Data governance: India's DPDP rules will offer individuals protection

The notification of the Digital Personal Data Protection (DPDP) Rules last week gives the DPDP Act operational clarity in defining how consent is to be taken, breaches reported, minors’ data protected, and on how cross-border data flows. Entities guilty of breaches could face penalties of up to ~250 crore. There is an 18-month runway to full compliance by May 2027. The framework offers privacy-by-design, minimises data retention, and enforces accountability in line with constitutional protections for digital personal data (DPD). 

The Right to Information Act, 2005, has required amendment to align itself with the DPDP Act. Expectedly, the amendment attracted criticism for removing the obligation of government bodies to provide personal information if the public interest outweighs the right to privacy for public officials. The new Data Protection Board of India, appointed by the Union government, will oversee the space, with virtual hearings, digital filings, electronic orders, and digital evidence management. The rules designate companies processing large volumes of data, or operating in sensitive sectors, as “significant data fiduciaries”, facing higher compliance requirements. This is similar to the European Union model of tiered oversight. A governance framework is laid out for consent managers — intermediaries helping users to manage permissions, while ideally helping to ease frictions of consent and compliance. Consent managers must meet strict qualification conditions like barring individuals with moral turpitude, capital adequacy, the interoperability between platforms, security, and transparency. It remains to be seen how well this innovation works. 

The rules as a whole offer individuals more protection and greater knowledge about who is collecting and holding data, and also some control over personal data. Platforms must now provide collection notices that are “clear, standalone, and free of unrelated or bundled content”. The notice must specify what data is collected, and why, and how users can withdraw consent. Withdrawing consent must be made as easy as giving it. The rules also place emphasis on safeguarding minors’ data. Platforms must verify their age and seek consent from guardians. In practice, these requirements will impact many apps. Consequently, global platforms with Indian users may need to review processes of local consent to comply. 

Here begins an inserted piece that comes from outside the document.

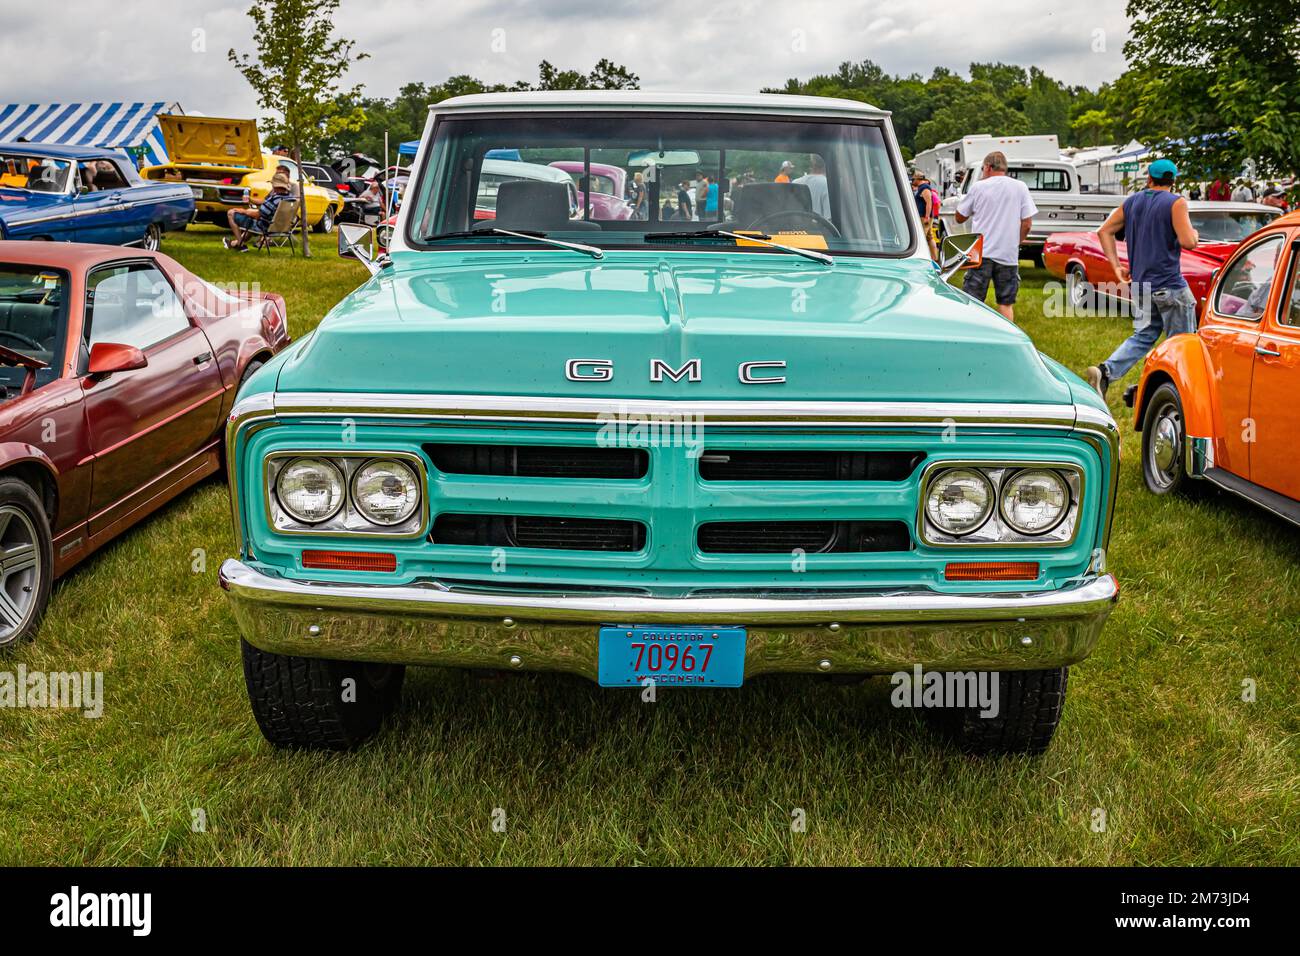 Iola, WI - July 07, 2022: High perspective front view of a 1968 GMC 1500 Stepside Pickup Truck at a local car show. Stock Photo

Emphasis on protecting minors clearly affects edtech platforms, gaming companies, social-media applications, and over-the-top platforms with many under-18 users. Similar protection is extended to persons with disabilities, where permission and verification may be done through court-appointed guardians or certified institutions. Breach notifications are immediate and mandatory. If data breaches occur, companies must notify affected users without delay and also provide the Data Protection Board detailed reports including the chronology, data types, risks, and mitigation steps taken. Data fiduciaries and processors must incorporate risk assessments, encryption, logs of access, security reviews, and disposal protocols. All personal processing logs must be retained for a minimum of one year even if the user withdraws consent. Most DPD may be transferred to any country except nations that are specifically restricted. But data related to national security, critical infrastructure, or high-risk sectors may require mandatory local storage. This is a more flexible cross-border protocol than earlier attempts to force total data localisation. In sum, the rules offer individuals a degree of greater protection but exemption for the government can increase risk.